Research conducted by Yesilernis Peña, Jim Sidanius and Mark Sawyer in 2003, suggests that social discrimination is still prevalent, despite the low levels of economic discrimination.
After considering the issue solved, the Cuban government moved beyond the issue of racism.  His message marked a shift in Cuban society's perception of racism that was triggered by the change in government focus."  The government's announcement easily allowed the Cuban public to deny discrimination without first correcting the stereotypes that remained in the minds of those who grew up in a Cuba that was racially and economically divided. Many who argue that racism does not exist in Cuba base their claims on the idea of Latin American Exceptionalism. According to the argument of Latin American Exceptionality, a social history of intermarriage and mixing of the races is unique to Latina America. The large mestizo populations that result from high levels of interracial union common to Latin America are often linked to racial democracy. For many Cubans this translates into an argument of "racial harmony", often referred to as racial democracy. In the case of Cuba, ideas of Latin American Exceptionalism have delayed the progress of true racial harmony.

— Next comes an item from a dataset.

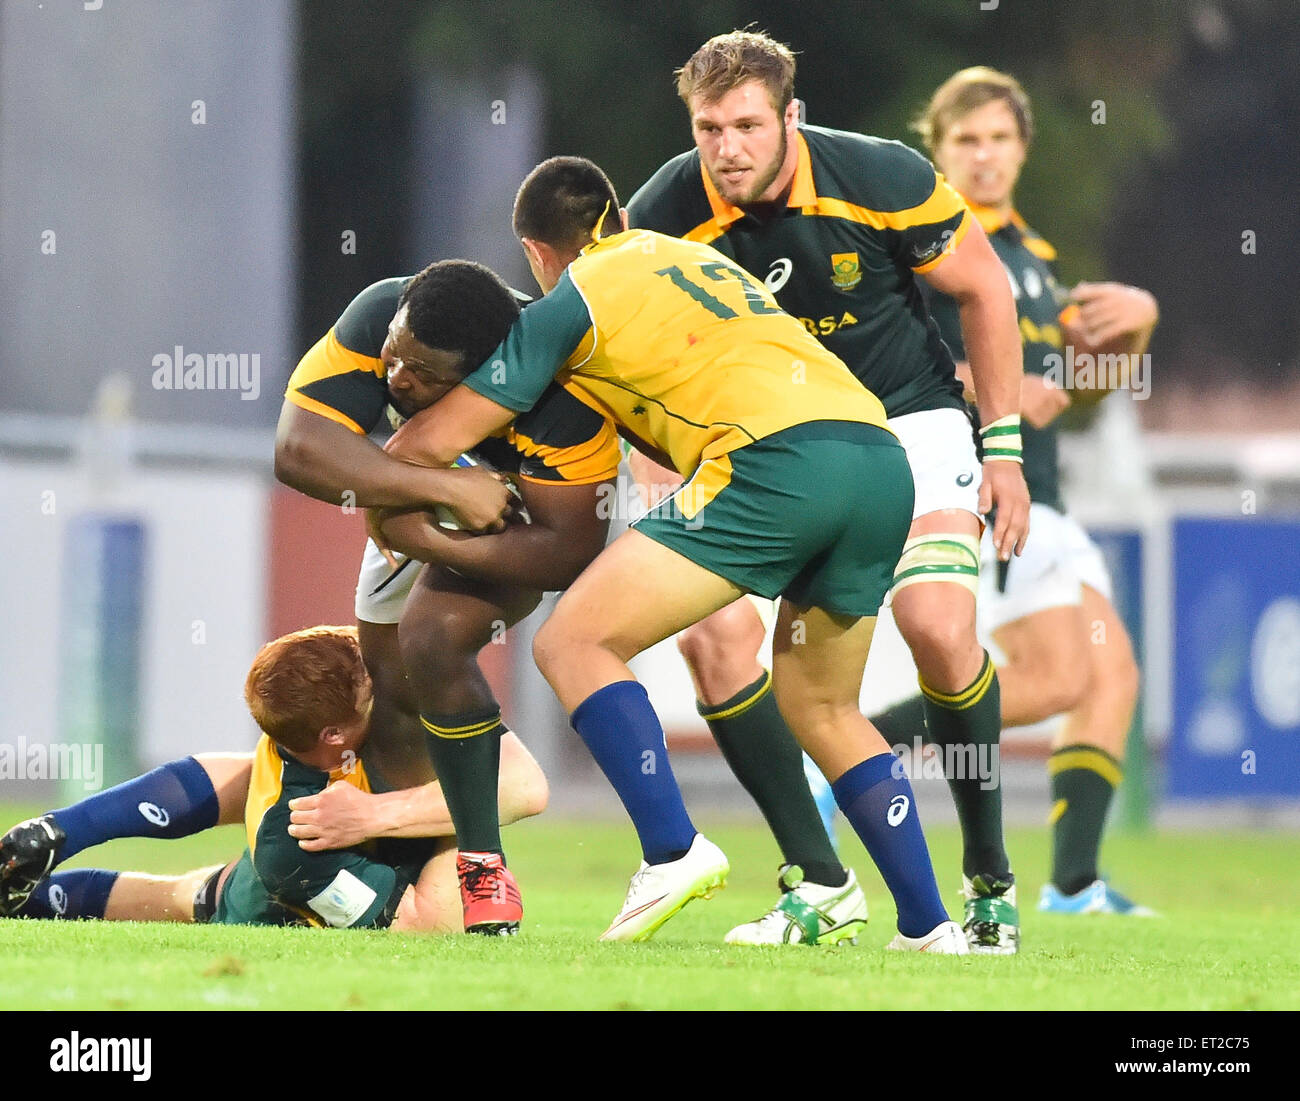 Calvisano, Italy. 10th June, 2015. Ox Nche of South Africa during the 2015 World Rugby U20 Championship match between South Africa and Australia at Stadio San Michele on June 10, 2015 in Calvisano, Italy. Credit:  Roger Sedres/Alamy Live News Stock Photo

In spite of all the promises and speeches by government leaders, racial discrimination against Afro-Cubans continues to be a major Human Rights issue for the Cuban government, even resulting in riots in Central Havana, a mostly black neighborhood in the capital.

Most of the Latin population of Tampa in the 1950s was working class and lived in restricted areas, ethnic enclaves in the vicinity of Tampa's hundreds of cigar factories. African Cubans were tolerated to an extent in the Latin quarter (where most neighborhoods and cigar factories were integrated). Ybor City and its counterpart, West Tampa, were areas that bordered on other restricted sections-areas for U.S. blacks or whites only. In this Latin quarter, there existed racial discrimination despite its subtleness.

Afrocubanismo

During the 1920s and 1930s Cuba experienced a movement geared towards Afro-Cuban culture called Afrocubanismo. The movement had a large impact on Cuban literature, poetry, painting, music, and sculpture.  It was the first artistic campaign in Cuba that focused on one particular theme: African culture.  Specifically it highlighted the struggle for independence from Spain, African slavery, and building a purely Cuban national identity.  Its goal was to incorporate African folklore and rhythm into traditional modes of art.

History of the movement
The movement evolved from an interest in the rediscovery of African heritage.  It developed in two very different and parallel stages.  One stage stemmed from European artists and intellectuals who were interested in African art and musical folk forms. This stage paralleled the Harlem Renaissance in New York, Négritude in the French Caribbean, and coincided with stylistic European Vanguard (like Cubism and its representation of African masks).  It was characterized by the participation of white intellectuals such as Cubans Alejo Carpentier, Rómulo Lachatañeré, Fortunato Vizcarrondo, Fernando Ortiz and Lydia Cabrera, Puerto Rican Luis Palés Matos and Spaniards Pablo Picasso and Roger de Lauria.  The African-inspired art tended to represent Afro-Cubans with cliché images such as a black man sitting beneath a palm tree with a cigar.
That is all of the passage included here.